Well, that rather sucks if you're memset_io'ing various sizes (in
megabytes - up to 8MB) of video memory.  We desperately need these
functions optimized.

Either that or we allow DRM to be a security hole by omitting any kind
of buffer clearing, because using the existing memset_io() is just far
too expensive to clear 8MB a byte at a time.

Will Deacon Sept. 28, 2012, 10:42 a.m. UTC | #4

On Fri, Sep 28, 2012 at 11:31:10AM +0100, Russell King - ARM Linux wrote:
> On Fri, Sep 28, 2012 at 10:58:08AM +0100, Will Deacon wrote:
> > 	1. If an access other the first one generated by the instruction
> > 	   causes an abort, the CPU will ultimately re-execute the earlier
> > 	   accesses, which could be problematic to a device.
> 
> I don't think that's a problem for these.  They're used on RAM like
> regions.

[...]

> > So, unless we can guarantee that our accesses are all aligned, will never
> > fault, do not cross a page boundary and we are not running as a guest then
> > I'd be inclined to stick with byte-by-byte implementations for these
> > functions.
> 
> Well, that rather sucks if you're memset_io'ing various sizes (in
> megabytes - up to 8MB) of video memory.  We desperately need these
> functions optimized.

How are these regions mapped? If it's something like ioremap_wc, then this
gives us normal non-cacheable memory on ARMv7, which wouldn't be subject to
the restrictions that you have with device memory. 

> Either that or we allow DRM to be a security hole by omitting any kind
> of buffer clearing, because using the existing memset_io() is just far
> too expensive to clear 8MB a byte at a time.

If DRM is using normal memory, it sounds like the *_io string functions need
to be made to work with different memory types.

Will

Russell King - ARM Linux Sept. 28, 2012, 10:44 a.m. UTC | #5

On Fri, Sep 28, 2012 at 11:42:16AM +0100, Will Deacon wrote:
> How are these regions mapped? If it's something like ioremap_wc, then this
> gives us normal non-cacheable memory on ARMv7, which wouldn't be subject to
> the restrictions that you have with device memory. 

Yes, ioremap_wc() but we can't guarantee that for all causes of memset_io.

> > Either that or we allow DRM to be a security hole by omitting any kind
> > of buffer clearing, because using the existing memset_io() is just far
> > too expensive to clear 8MB a byte at a time.
> 
> If DRM is using normal memory, it sounds like the *_io string functions need
> to be made to work with different memory types.

Take a look at the *_io string function declarations, and observe the use
of __iomem.  That means they're only used with memory returned from the
ioremap*() suite of functions (or they're being used non-compliantly and
sparse should be spitting warnings.)

Arnd Bergmann Sept. 28, 2012, 1:36 p.m.
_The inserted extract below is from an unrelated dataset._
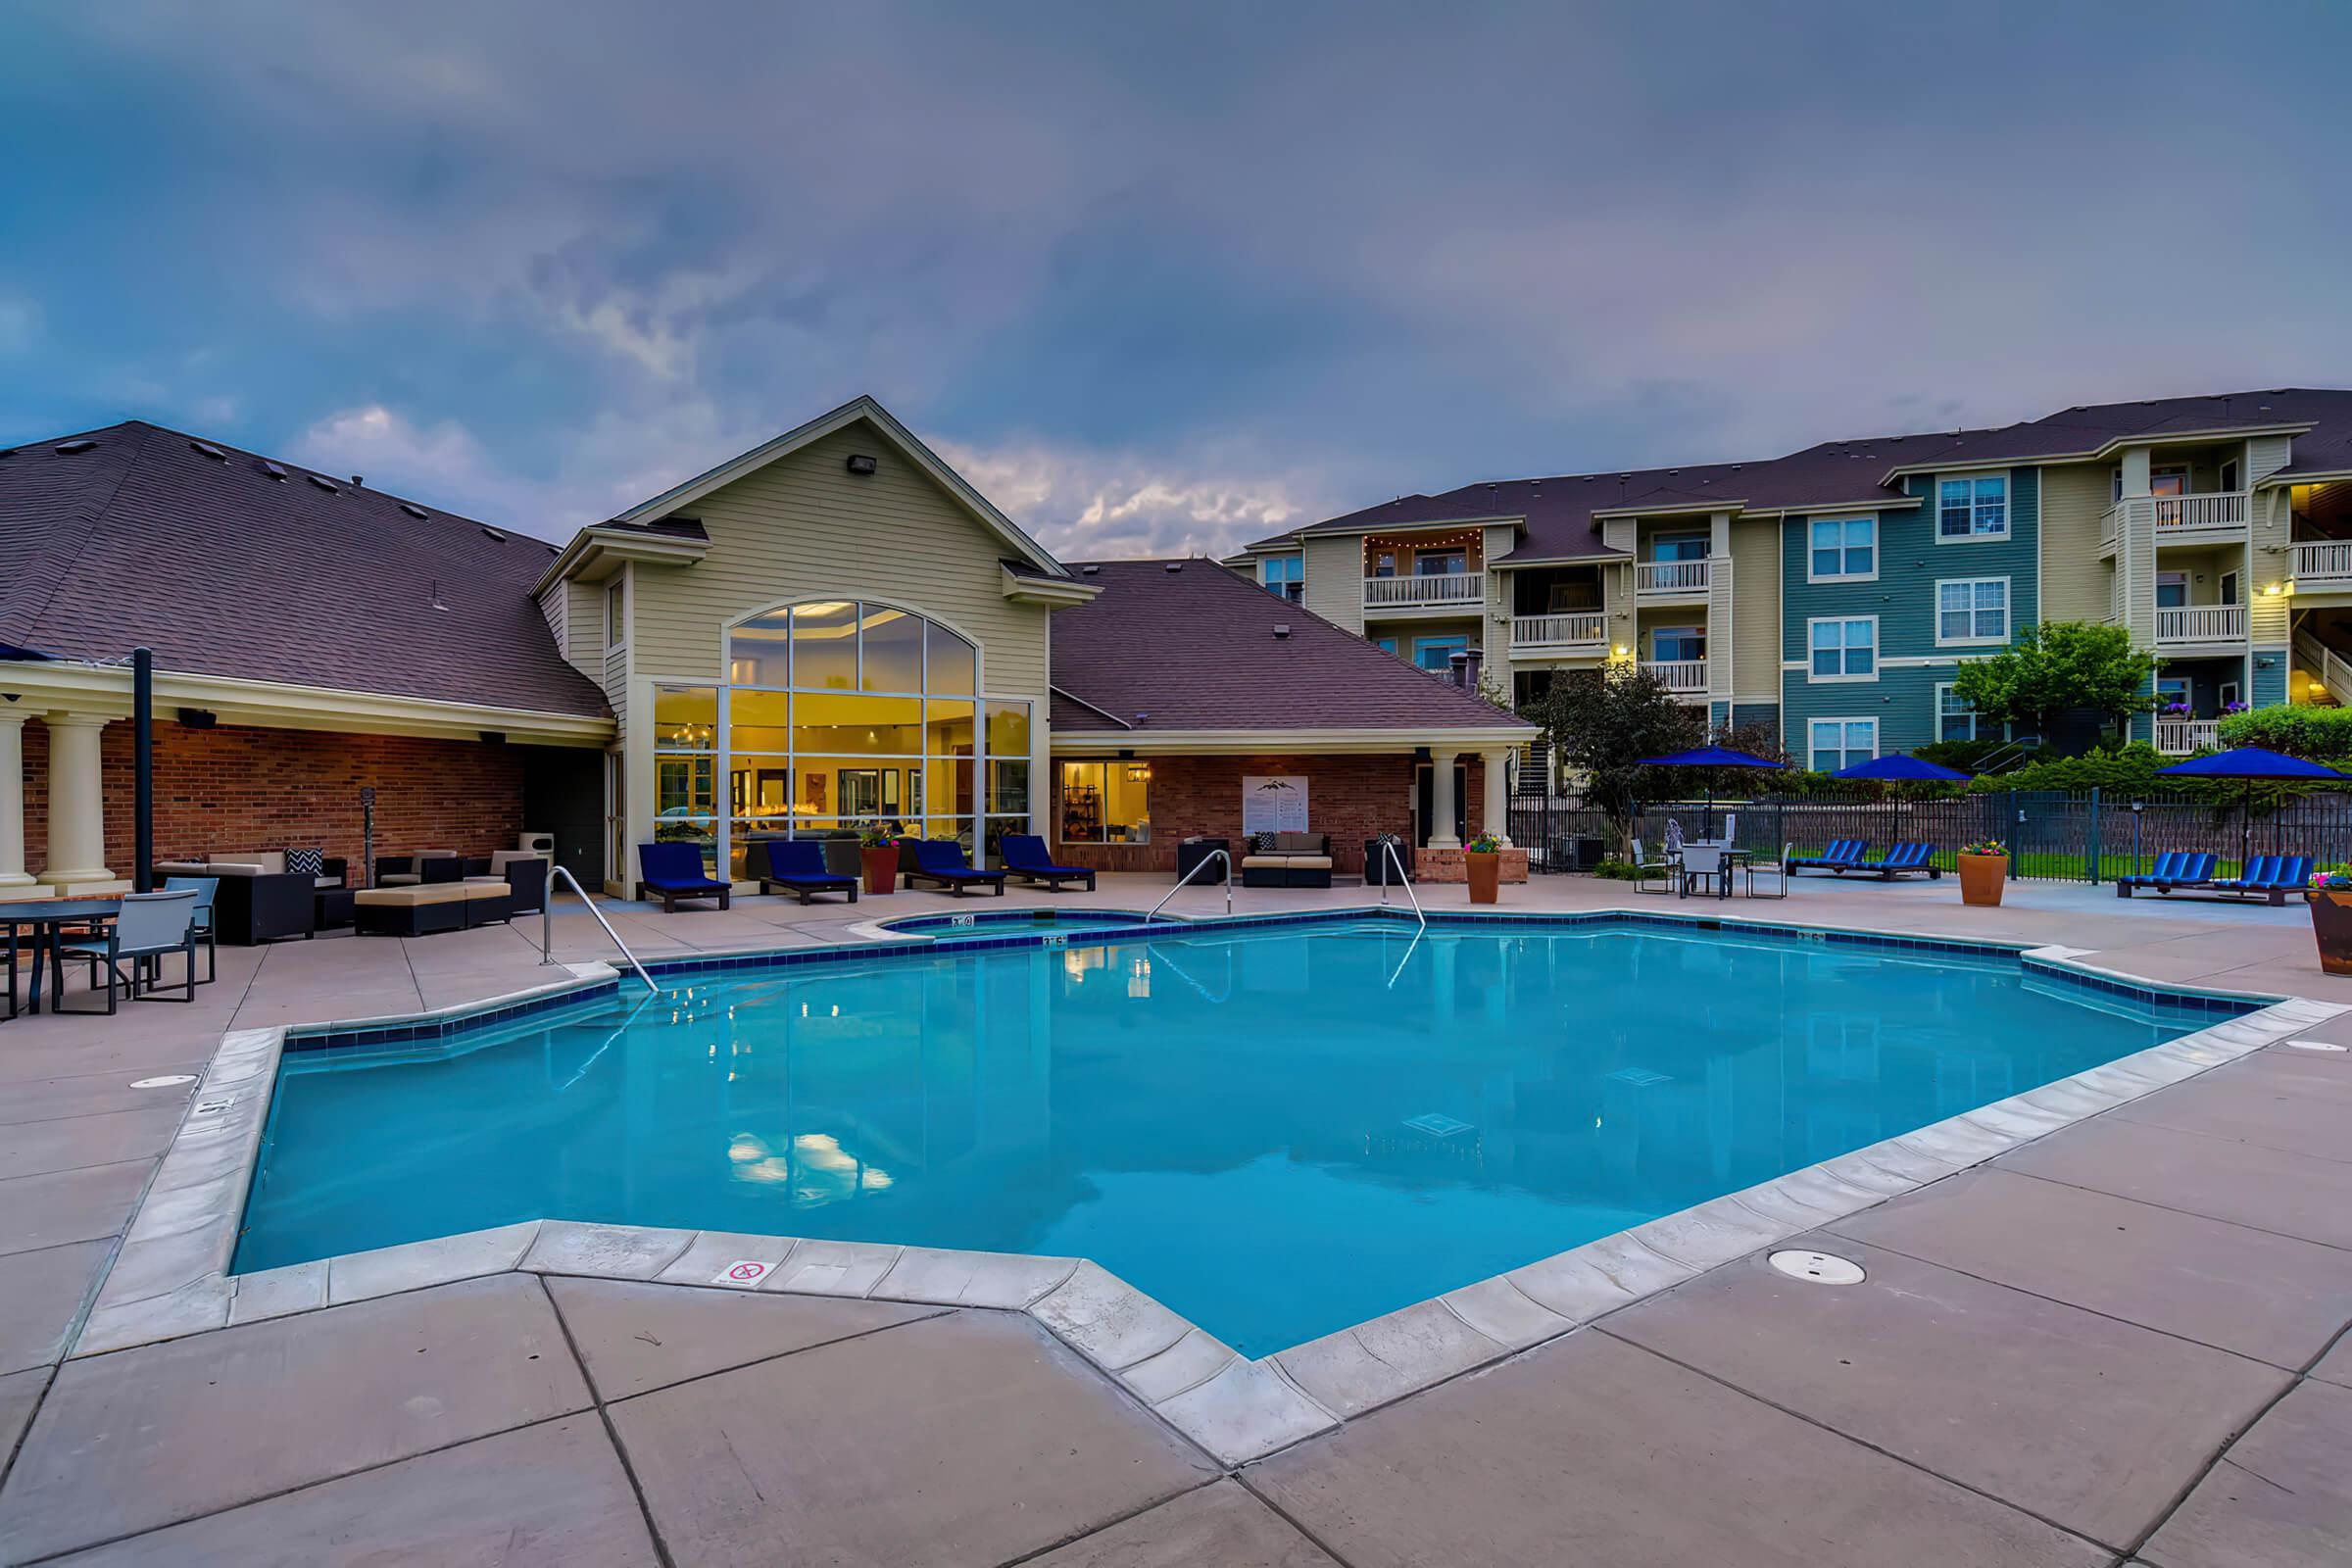 13631 Shepard Hts Colorado Springs CO - Web Quality - 041 - 55 Pool.jpg
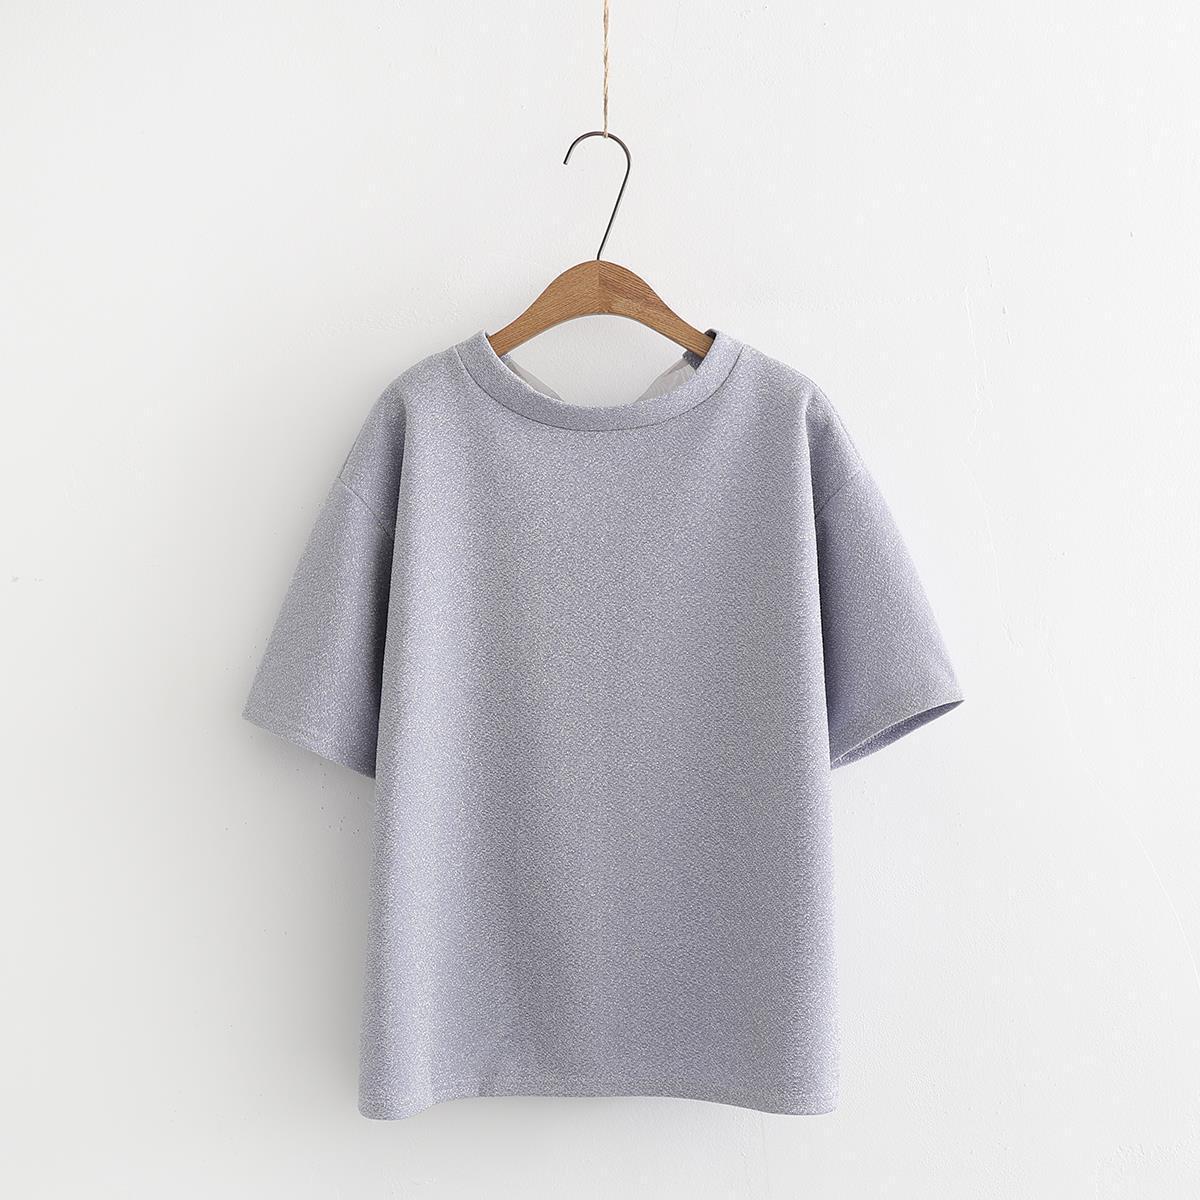 Nova camisa feminina t impressão algodão verão estilo feminino camiseta moda senhoras roupas engraçadas

UTC | #6

On Thursday 27 September 2012, Russell King wrote:
> +#ifndef __ARMBE__
> +static inline void memset_io(volatile void __iomem *dst, unsigned c,
> +       size_t count)
> +{
> +       memset((void __force *)dst, c, count);
> +}
> +#define memset_io(dst,c,count) memset_io(dst,c,count)
> +
> +static inline void memcpy_fromio(void *to, const volatile void __iomem *from,
> +       size_t count)
> +{
> +       memcpy(to, (const void __force *)from, count);
> +}
> +#define memcpy_fromio(to,from,count) memcpy_fromio(to,from,count)
> +

I wonder whether we need any barriers here. PowerPC has the strongest
barriers befor eand after the access, at least since f007cacffc8870
"[POWERPC] Fix MMIO ops to provide expected barrier behaviour".

This seems to be done more out of caution and trying to mimic the
x86 behavior (where all MMIO accesses are synchronous so some degree)
than fixing a particular bug that was observed.

Most other architectures are just using the raw string operations like
you do here.

Some architectures (powerpc and parisc at least) split the access into
naturally aligned accesses of up to 4 bytes. I think those are the
ones that allow unaligned accesses on RAM but not on MMIO pointers
(powerpc will checkstop or throw an exception).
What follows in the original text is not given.